Yemen’s food crisis is not different in its nature from other regions of the Arab world and the agrarian south more broadly. However, it is a severe case, hence the warning issued a year ago by the United Nations that Yemen, along with other countries, faces the imminent threat of famines of “biblical proportions.” The mass starvation that has engulfed the country is partly a consequence of the ongoing conflict, especially the economic blockade imposed in 2015. Yet the root causes predate the civil war, as devastating as it has been, and have only been revealed and exacerbated by it. At its core, Yemen’s food emergency is an agrarian and a rural social crisis that has been in the making since the formation of the two republics in the 1960s.
It is difficult to understand how a country of experienced farmers, extensively terraced areas and fertile agricultural valleys could fail to feed itself. In 1955, a mission of the Food and Agriculture Organization of the United Nations to Yemen concluded that it was one of the best terraced countries in the world at the time. Indeed, Yemeni farmers are worthy of being described as masters of their particularly harsh environment. The main features of Yemen’s geography and climate are seasonal rains in limited parts of the country and almost no precipitation elsewhere; semidesert coastal plains; western and central steep, rugged highlands of a volcanic mountain massif; and eastern and northeastern arid plateaus and vast deserts, including al-Rub’ al-Khali, literally the “Empty Quarter” — “the largest area of continuous sand in the world.”

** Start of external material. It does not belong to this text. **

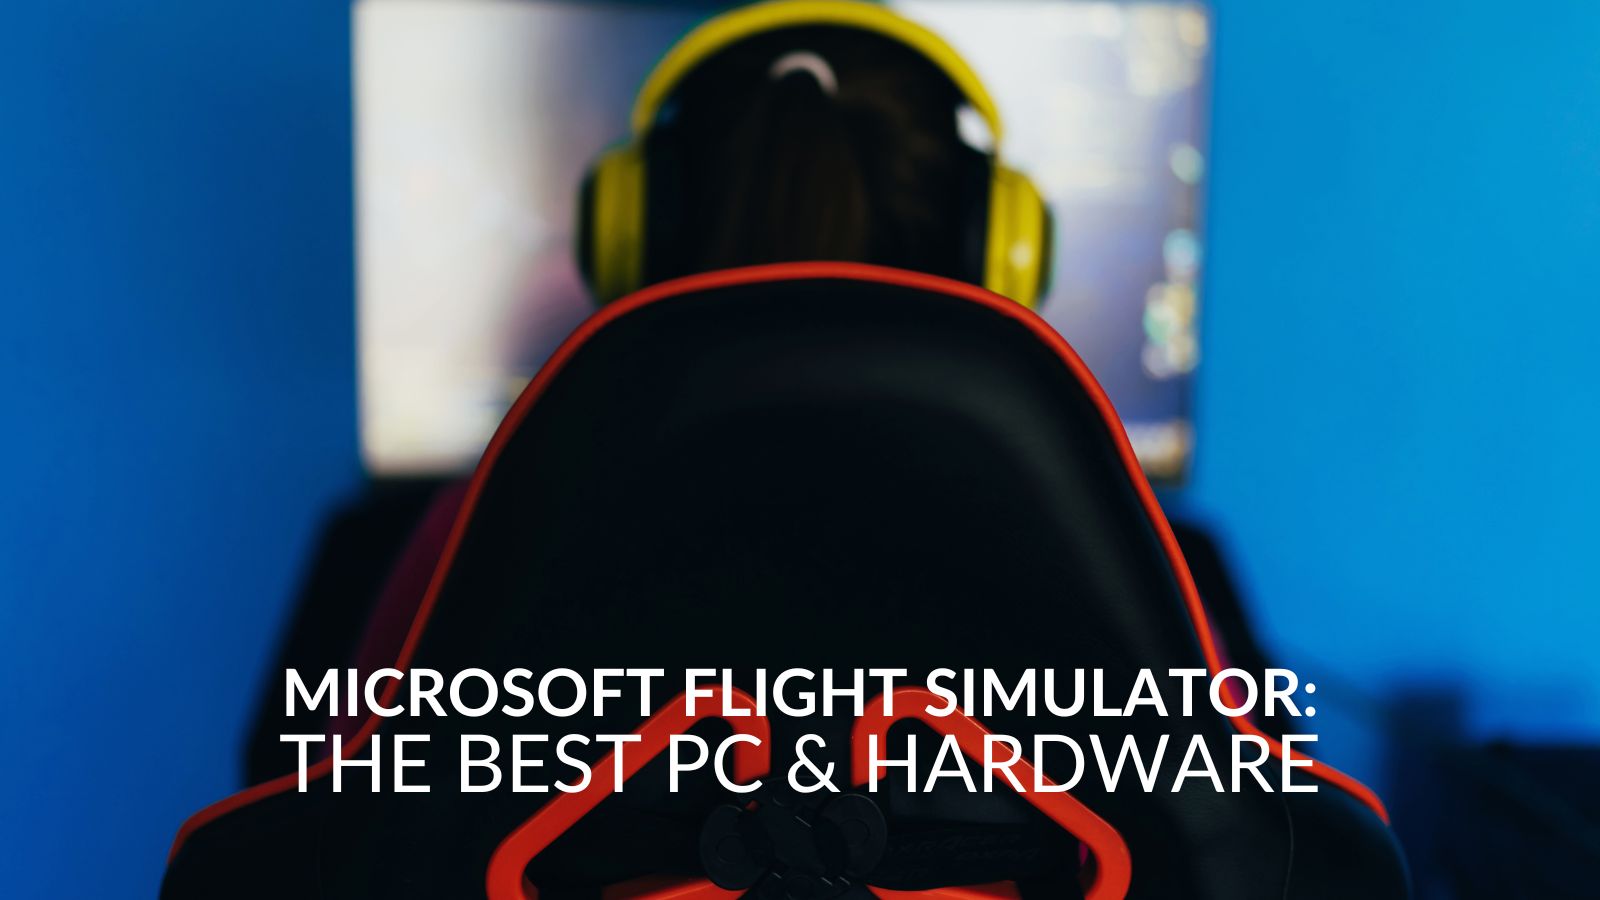 The Best Hardware & PC for Microsoft Flight Simulator
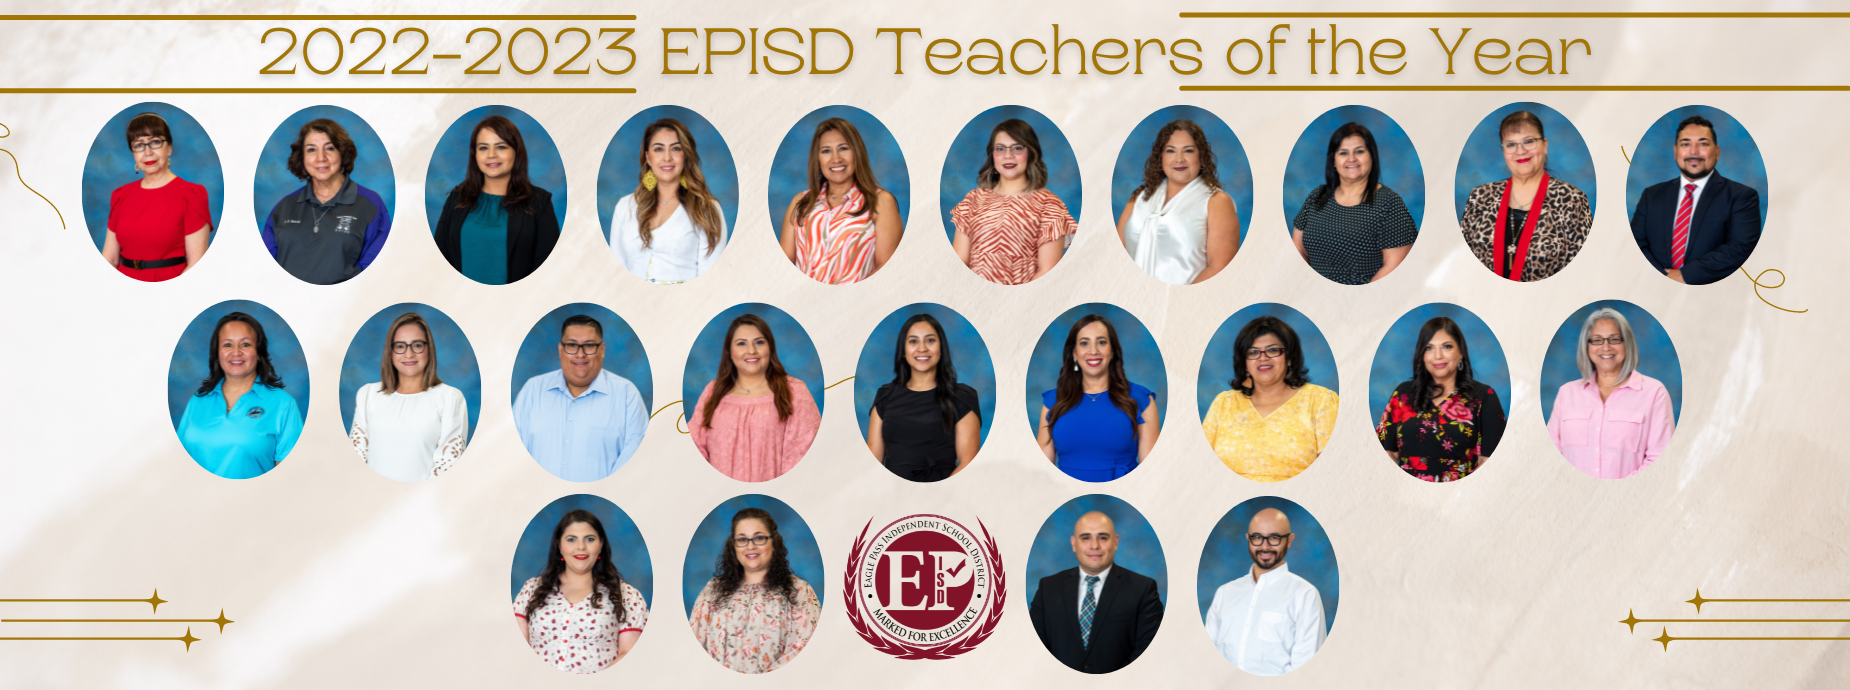 2022 - 2023 EPISD Teachers of the Year banner

What Caused Yemen’s Famine?
But despite the fragility of the Arabian Peninsula’s environment, including its southwestern corner, the ingenuity of Yemeni farmers’ methods has successfully established innovative and truly sustainable systems of agriculture and food production since time immemorial. As it turns out, what has thrown Yemen into a downward spiral of rural marginalization and impoverishment is an insidious alliance between irresponsible, short-sighted governance and a reckless global food regime, one that is obsessed with the bottom line and market value. Together, as Utsa Patnaik and Sam Moyo write in “The Agrarian Question in the Neoliberal Era: Primitive Accumulation and the Peasantry,” they worked to “reinforce the incorporation of the peasantry into volatile world markets and extend land alienation, while increasing import dependence.”
Once Yemen was hooked on “speculative world markets dominated by monopoly finance capital,” the rest of the damage was automatic. In fact, that is how free markets work, if that is what you feed into them. Yemen is a good case in point for malintegration with the global economy and the imposition of unequal agricultural trade at the expense of both food security and sovereignty.
Of Donkeys and Farmers
There are two main drivers of Yemen’s persistent and severe food insecurity. Both of them were simultaneously brought about by developmental interventions in the country, particularly in what is commonly referred to as northern Yemen. This part of the country is home to a major water-shed infrastructure spanning two fundamental food-producing systems: the mountain highlands and the lowland Yemeni Tihamah, the Red Sea coastal plain.
The first and foremost driver of insecurity is the large loss of domestic production of native staple grains, including, above all, sorghum. Called dhurrah in Yemen, sorghum is an important traditional staple for humans and livestock. As pointed out by Daniel Varisco in his study of agriculture and water rights in Yemen, sorghum is boiled to make Yemeni porridge, aseed, a nutritious popular dish, and ground to make flour for baking traditional bread. Sorghum leaves and stalks are fed to cattle, the bottom part of the stalk is used as fuel for a traditional clay oven, tannur, and the surplus of sorghum fodder and grain is stored for the rest of the year (it is a summer crop, planted in late spring).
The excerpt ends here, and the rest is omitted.